The project was essentially a gamble between friends. Pirinen and collaborator Mike Franchina funded sculpting and development themselves, assuming the Kickstarter would be a passion project rather than a runaway hit.

Part of the reason was the concept itself.

“On the surface, it’s very counterintuitive,” Pirinen explains. “You go into a space where there is a totally dominant player. Then you narrow your audience because the game is clearly aimed at a mature audience. And the theme is religion and its role in war, which no major games company would touch with a barge pole.”

By the logic of spreadsheets and market analysis, it should not have worked.

“But creative work doesn’t always follow the Excel sheet,” he says. “The Excel doesn’t always determine the fate of creative endeavour.”

From Mordheim to Trench Crusade

For many hobbyists, Pirinen’s name is still inseparable from Mordheim. Released in 1999, the skirmish game focused on small warbands exploring the ruins of a cursed city, gaining injuries, experience and grudges along the way.

“Mordheim was very narrative driven,” Pirinen says. “It wasn’t about perfectly balanced competitive play. It was about creating a story with your friends as the campaign unfolds.”

That philosophy has never really left his design work.
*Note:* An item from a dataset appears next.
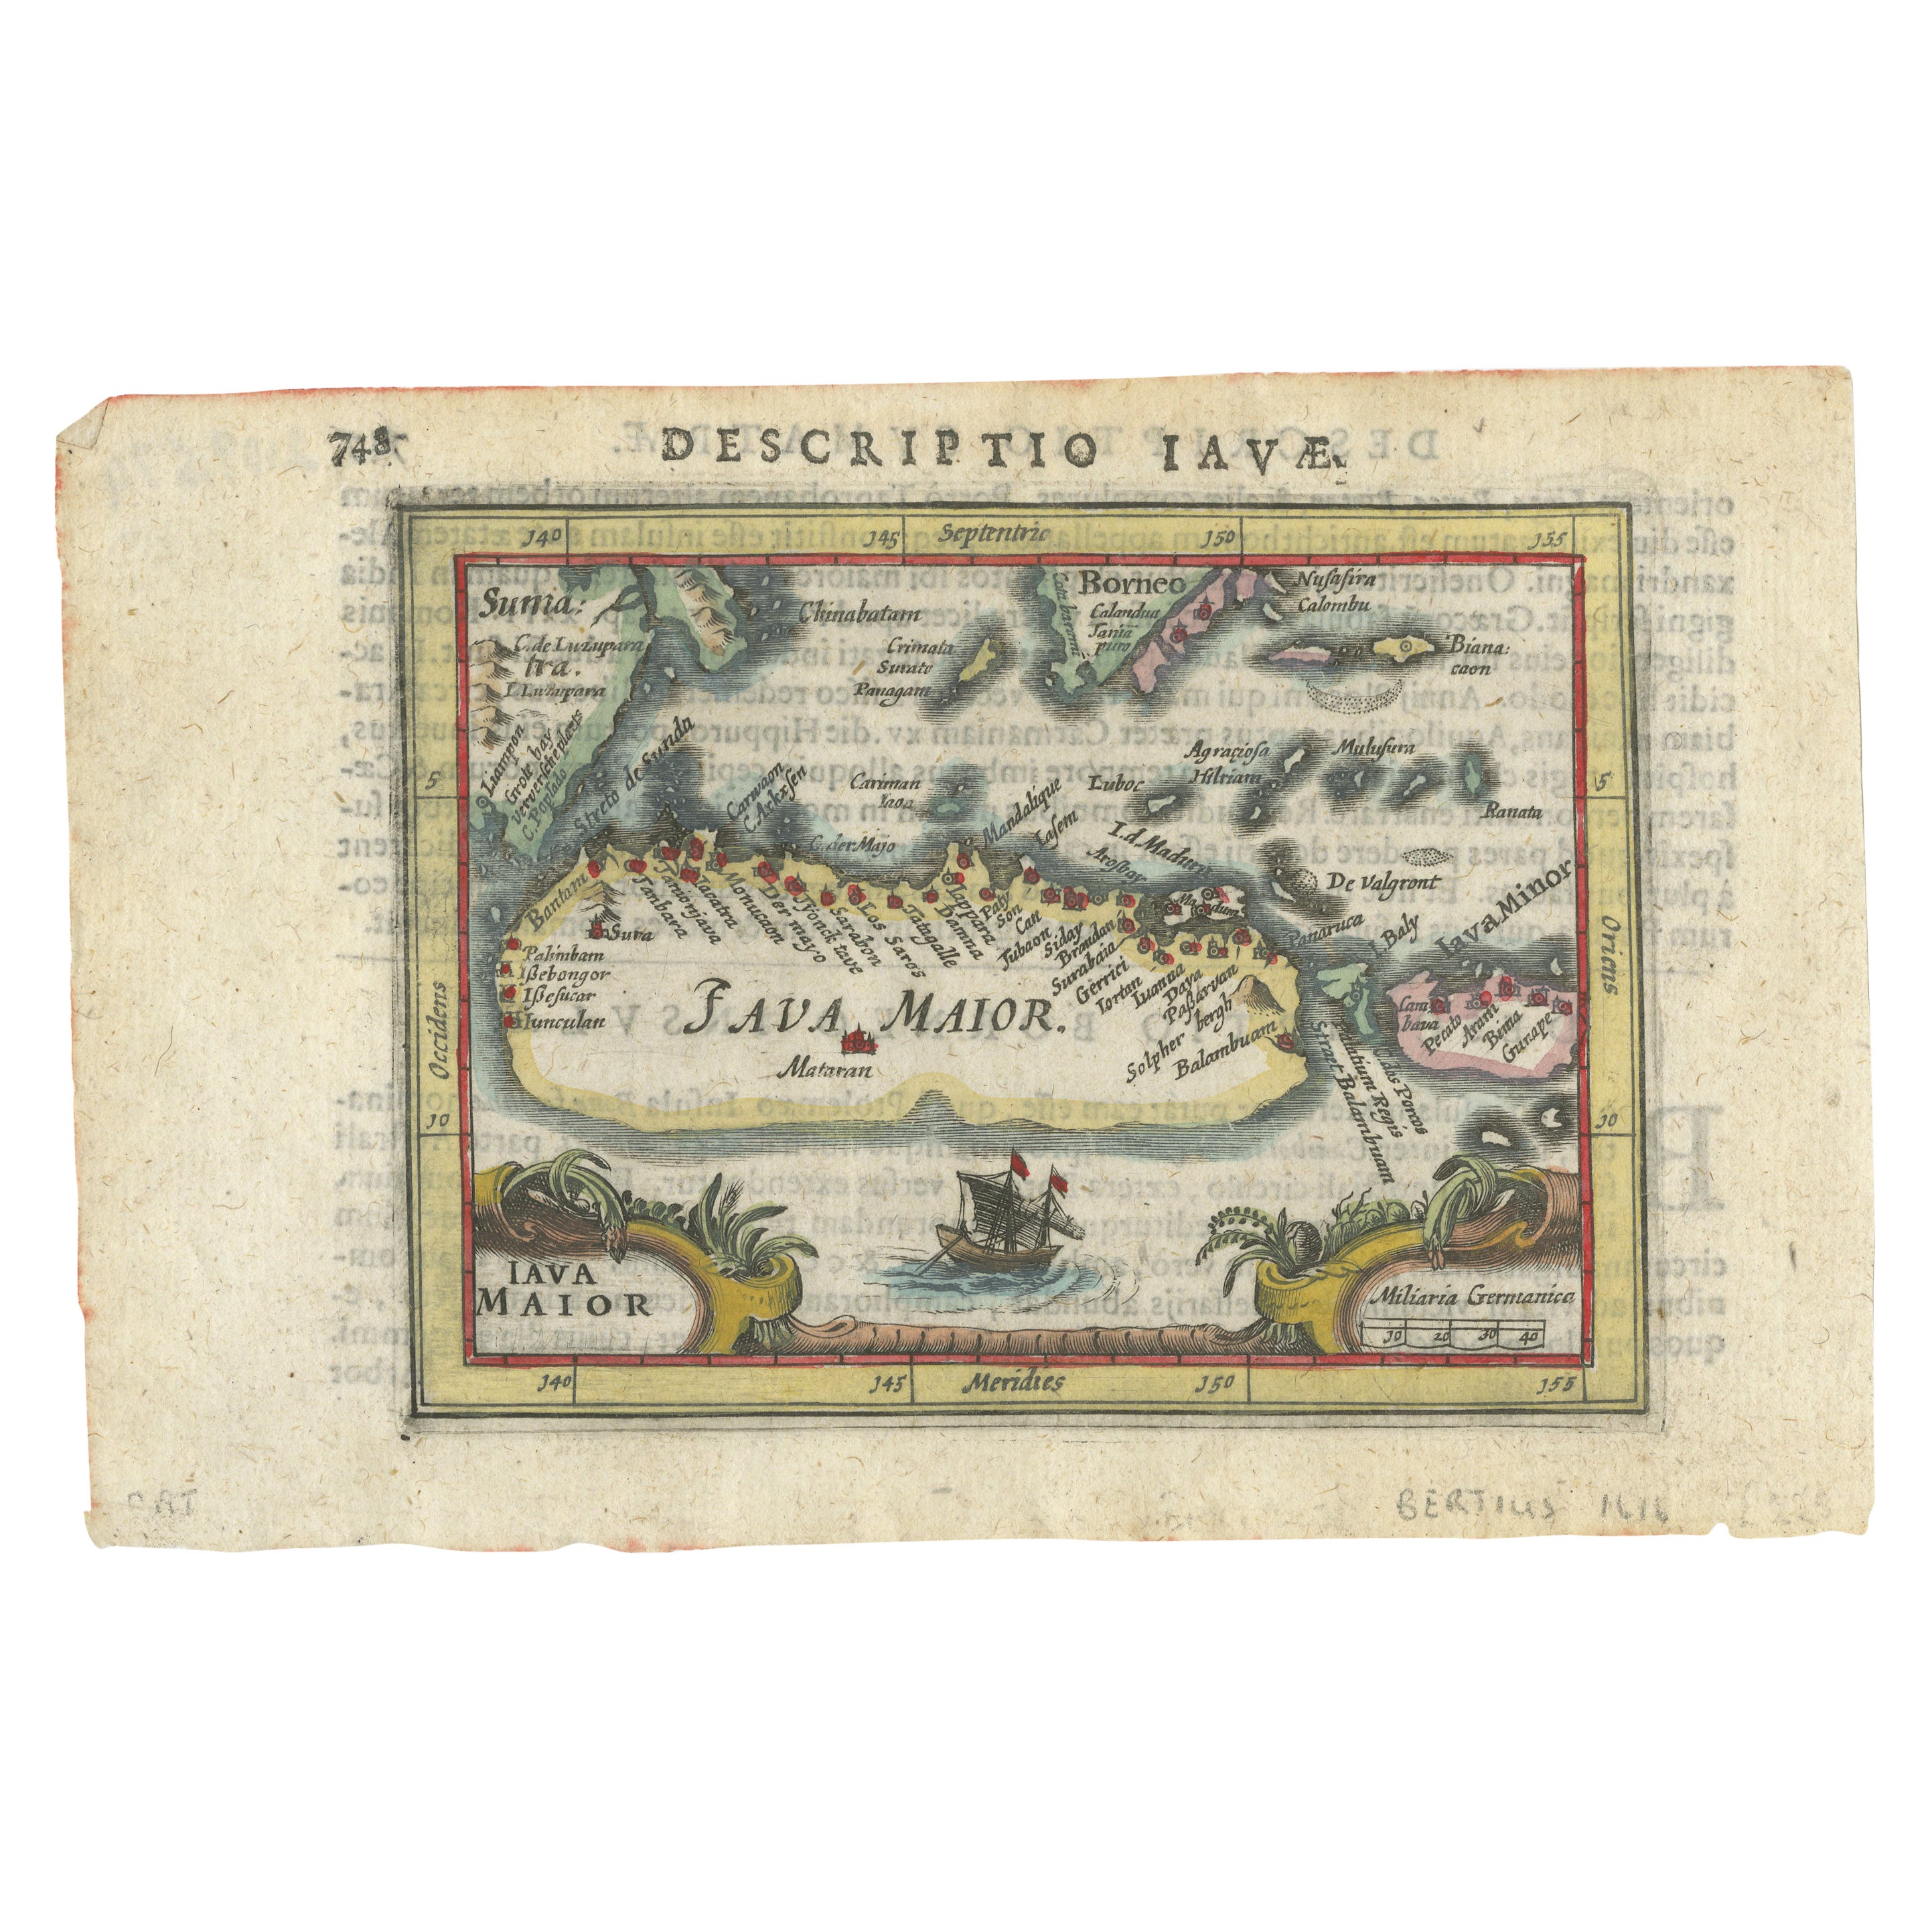 Rare 16th Century Original Handcolored Miniature Map of Java, Indonesia, 1616

Trench Crusade follows the same broad idea, although updated for modern players.

“In many ways, it takes that high-level idea and brings it forward,” he says. “Mordheim came out in 1999, so a lot of water has flowed in the river since then.”

Interestingly, Pirinen himself used to approach games very differently.

“When I was younger, I was very competitive,” he admits. “Winning mattered a lot to me. These days I’m much more focused on the narrative side.”

That competitive background still informs his design work. Even narrative games need solid rules.

“If the rules don’t work, you just end up arguing every two minutes. In a miniature game, there’s no dungeon master to smooth things over.”

Why campaigns fall apart

Despite their popularity, narrative campaigns often struggle to survive beyond the first few games. Pirinen believes the reason is mostly practical.

Campaign play demands commitment. Players need to keep turning up, track experience and equipment, and maintain armies that grow over time.

“It’s simply more work,” he says.

There is also a more subtle problem. Campaigns can collapse if one player falls too far behind early on.

“A very common reason campaigns fall apart is that one player gets beaten badly in the first few games,” Pirinen explains. “They feel like nothing they do matters anymore, so they stop playing. Then the campaign falls apart.”

The solution is something designers call catch-up mechanics. These systems help struggling players remain competitive without removing the reward for winning.

It is a delicate balance. Too much help, and victory feels meaningless. Too little and the narrative ends early.

The balance paradox

Balance is often treated as the holy grail of wargame design. Pirinen is more sceptical.

“Perfect balance is possible,” he says. “But it probably isn’t that much fun.”

The reason is simple. True balance usually means forces become increasingly similar. Yet variety and asymmetry are where the excitement lies.

“A huge part of the fun is encountering something new,” he says. “A new warband, a new character, some new piece of equipment. Those things create interesting situations.”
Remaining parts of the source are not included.